It is established by Cullen v. Trappell (1980) 146 CLR 1 that in assessing damages for loss of earning capacity the tax which a plaintiff would have paid on the earnings of which he has been deprived must be taken into account. To assess damages on the basis that the plaintiff has lost his gross earnings, when in fact the earnings would have been subject to tax, and the award of damages is not subject to tax, would give the plaintiff more than he had really lost, and would depart from the fundamental principle referred to in British Transport Commission v. Gourley  AC 185 , at p 197 , "that the tribunal should award the injured party such a sum of money as will put him in the same position as he would have been in if he had not sustained the injuries." That general principle must of course govern the present case, but the particular application of it in Cullen v. Trappell is not of assistance in determining the question that now arises.
A trial judge, in assessing damages in a case such as the present, must first determine what loss of earnings the plaintiff has suffered, using net earnings as the basis of the assessment. Then the effect of the receipt of the workers' compensation must be considered. The receipt of workers' compensation is not something too remote to be taken into consideration for this purpose. I have referred to this question in Batchelor v. Burke (1981) 148 CLR 448 and need not repeat what I there said. If the legislation did not require a plaintiff who had been paid damages to repay the compensation which he had received, clearly the receipt of the compensation would reduce the damages otherwise payable. If, on the other hand, the plaintiff repaid to the employer the net amount of compensation which he had received, so that he neither gained nor lost anything by the receipt and repayment, the question of workers' compensation could for practical purposes be ignored in the assessment of damages. In the present case, although the employer got back exactly the same amount as he paid by way of compensation, the respondent was required to repay an amount larger than that which she received for her own benefit. She was required to repay the gross amount of compensation which she received ($9,222) but she had the benefit only of the net amount which remained after tax had been deducted ($7,377.60). As a result of the receipt and repayment of the compensation she was worse off to the extent of $1,844.40.
It was submitted that this loss was caused, not by the injuries which the respondent received as a result of the negligence of the appellant, but by her own voluntary act in accepting the payments of workers' compensation . However, it is obvious that as a matter of fact the respondent received the workers' compensation because she had been injured. Moreover her conduct in accepting the compensation was reasonably foreseeable. Indeed it would be surprising and exceptional for a worker entitled to compensation to refuse it on the ground that he or she might later receive damages; the legislation provides that the worker may receive the compensation notwithstanding the existence of a right to damages, and generally speaking it would be imprudent of a worker not to accept it: for one thing, the claim for damages might fail. The receipt of the compensation was a natural and foreseeable consequence of the injuries, and the repayment is not, as was suggested in argument, a special loss due to the financial embarrassment of the respondent, within the principle of Liesbosch, Dredger v. Edison , S.S. (Owners)  AC 449 . The act of the respondent in accepting the payments was not a superseding cause of the respondent's loss on repayment; see Chapman v. Hearse (1961) 106 CLR 112 , at pp 124-125 .

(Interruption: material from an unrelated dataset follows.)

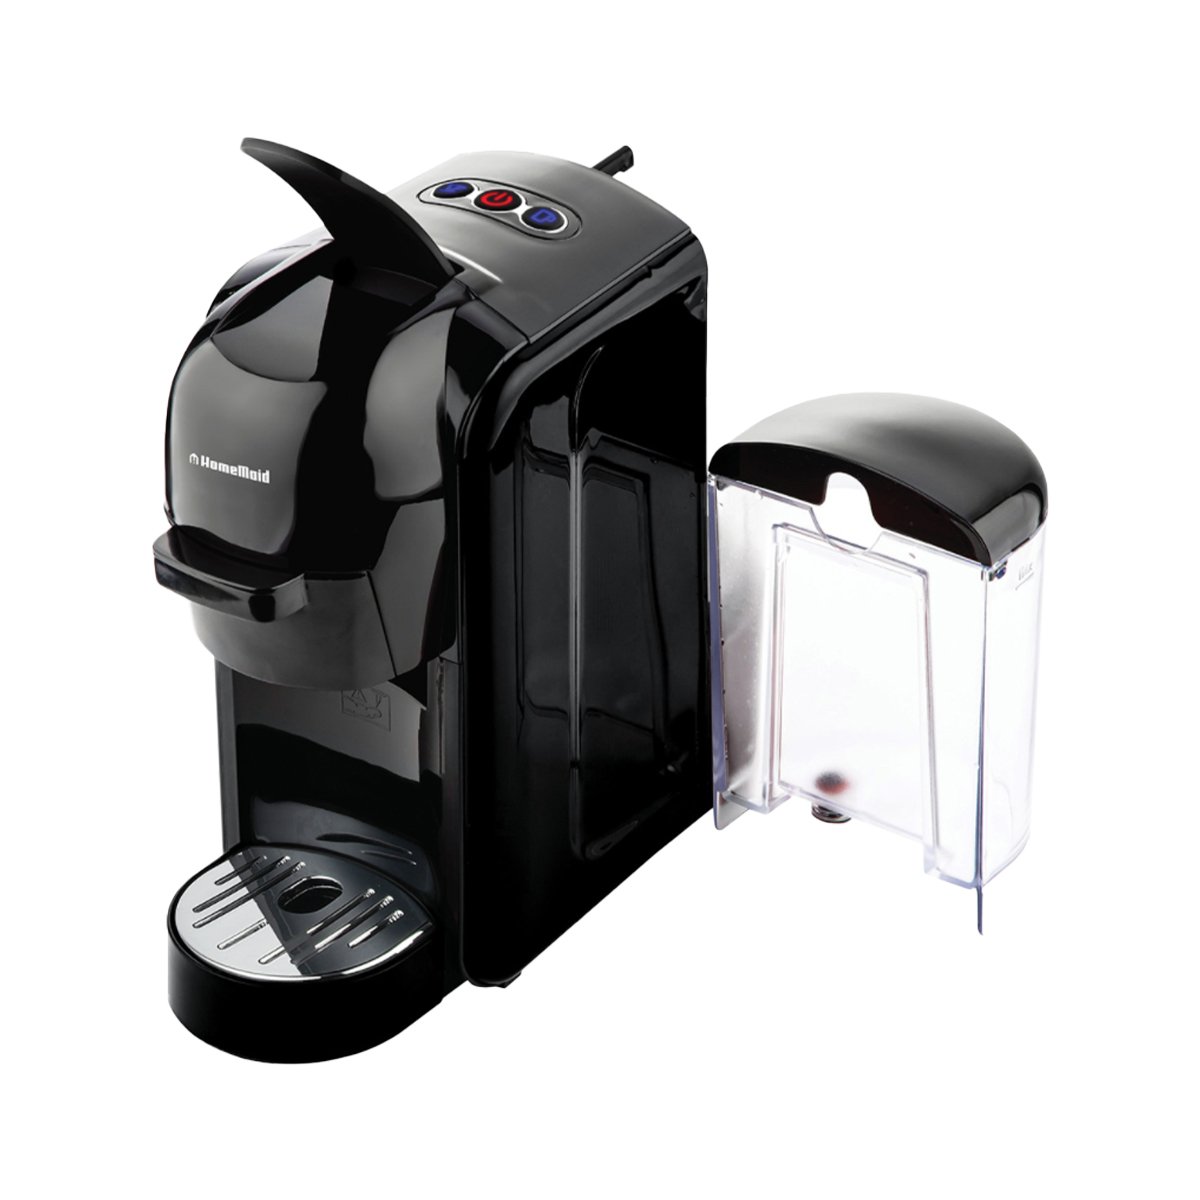 Homemaid 3-in-1 Cm511hm Coffee Multi Capsule Pod Machine - 0

The Full Court took the view that the damages for that portion of the lost earnings which was replaced by the compensation should be assessed by having regard to the gross earnings lost, because if the respondent received damages "assessed on a net after tax basis", but had to repay the equivalent in full, she would receive less than her true loss. Although I agree with their Honours' conclusion, it seems to me that it is not right to regard the question for decision as whether the respondent's loss of earnings is to be assessed after taking tax into account, notwithstanding her receipt of payments of workers' compensation. The question is rather whether the receipt and repayment of the compensation increased the respondent's loss, and if so whether that increased loss was caused by the appellant's negligence and was not too remote to be taken into account. For the reasons I have given I consider that the respondent should be compensated for this additional loss, and that if it were not taken into account the damages would provide inadequate compensation for the consequences of her injuries.
It is hardly necessary to add that this judgment proceeds on the assumption that the tax paid on the workers' compensation receipts was not recoverable when the compensation was repaid. The argument also proceeded on this assumption and at no stage of the case has any suggestion been made to the contrary.
I would dismiss the appeal.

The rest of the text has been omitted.